Following the launch of the 2016 reboot, Hanzer Holdings and Arlita sued CBS claiming they’re entitled to a share in profits for MTA’s work as a packaging agent in connection with the 1985 series as its successors in interest. In August, they filed an amended complaint, which CBS argues “changed their allegations about what contract they are suing on” and raised the issue of whether there was a “meeting of the minds” decades ago when it came to key terms in the agreement. In a Dec. 2 filing, CBS argues, “Such a failure to reach a meeting of the minds on all material terms ‘prevents the formation of a contract even though the parties have orally agreed upon some of the terms, or have taken some action related to the contract.'”
In September, L.A. County Superior Court Judge Maureen Duffy-Lewis gave CBS the green light to file a motion for summary judgment in response to that amended complaint and pushed back a trial that had been scheduled to start Oct. 12 to April 2022.
In short, CBS is arguing that what Hanzer and Arlita “claim is a binding, enforceable agreement cannot, as a matter of law, be a valid contract because there was never offer and acceptance.”

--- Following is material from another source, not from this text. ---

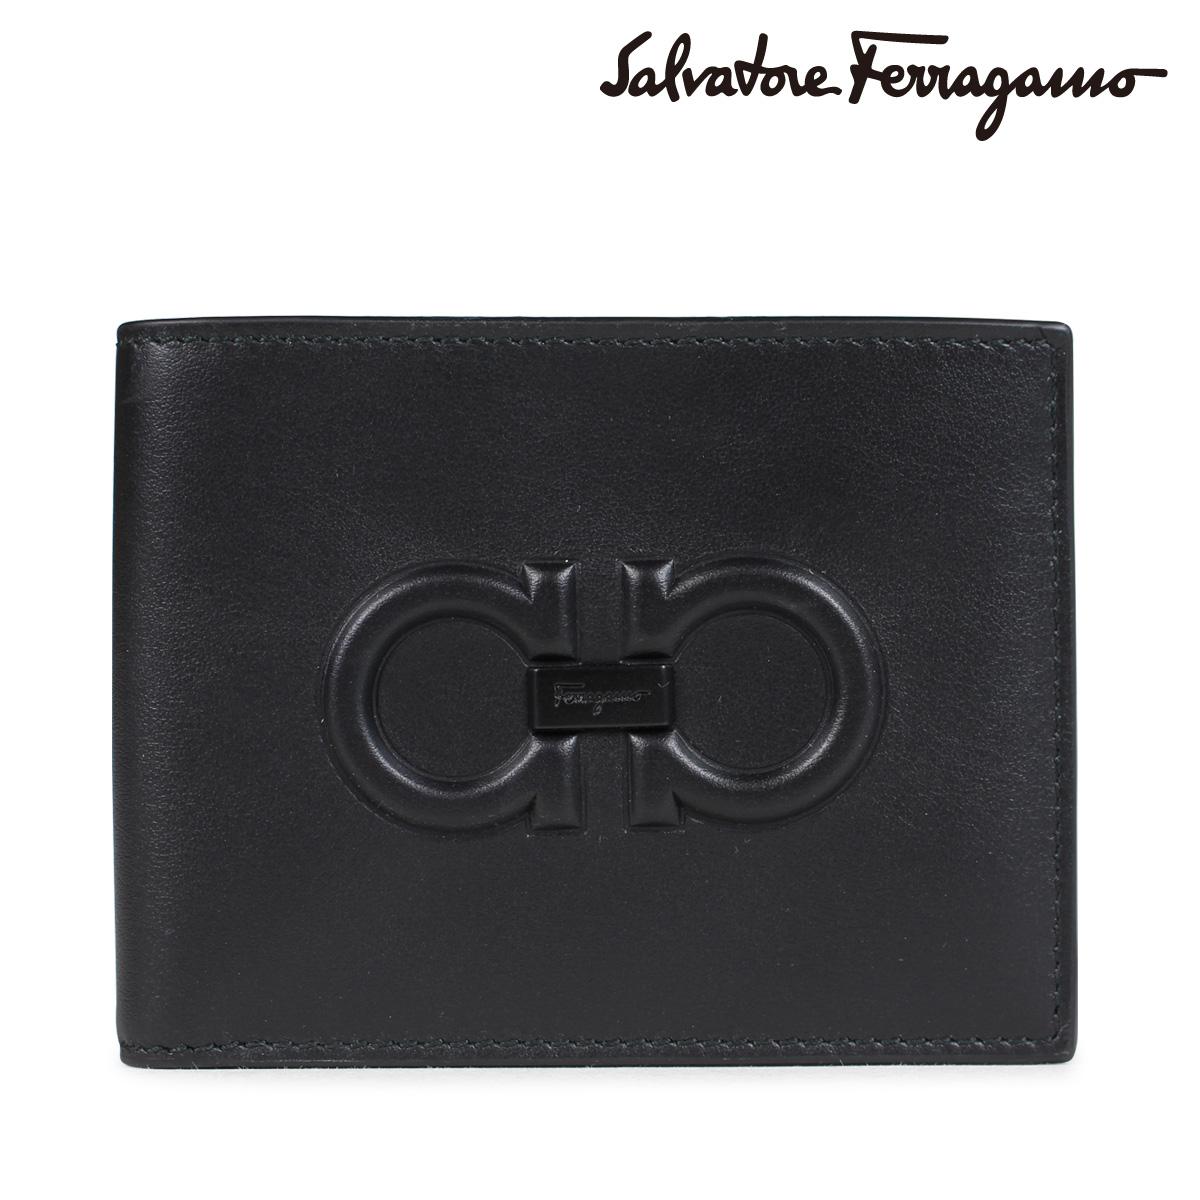 Salvatore Ferragamo 財布 メンズ 二つ折り フェラガモ FIRENZE LOGO WALLET ブラック 66A248 [10/23 新入荷]

“The Proposed Agreement contemplated that each specific television show produced thereunder would have its own separate joint venture agreement between the parties related to that television show,” states the filing, which is embedded below. “After the parties acknowledged, in writing, that an early draft of the Proposed Agreement was signed ‘in error,’ they continued to negotiate for several years.”
Winkler’s camp, according to CBS, sent a redlined draft of the deal to Paramount in December 1984. The distributor countered with its own proposed changes in October 1985, but Winkler and Rich didn’t sign. According to the filing, areas of tension included compensation, distribution cost deductions and the term of the agreement. A few months later, in January 1986, Paramount sent Winkler’s lawyer a joint venture agreement specific to MacGyver.
“After three-plus years of litigation, over a dozen depositions, hundreds of written discovery requests, and thousands of pages of documents exchanged, the combination of documents Plaintiffs proffer as the alleged contract they seek to enforce is unenforceable as a matter of law due to the lack of mutual consent,” states the filing. “The issues regarding contract formation are ripe for summary judgment given Plaintiffs’ admissions and acknowledgment that whether the documents they point to in their FAC amount to an enforceable ‘final contract’ is a legal conclusion for this Court to decide. … Twelve jurors cannot save Plaintiffs from their own words, and CBS respectfully requests that the Court grant summary judgment rather than force a jury to try to find a contract that Plaintiffs themselves cannot identify.”
CBS also alleges “the tag-along implied covenant claim fails as a matter of law because there is no enforceable contract.” If the court declines to grant summary judgment, CBS is asking it to consider summary adjudication on the breach of implied covenant claim.
A hearing is currently set for Feb. 15.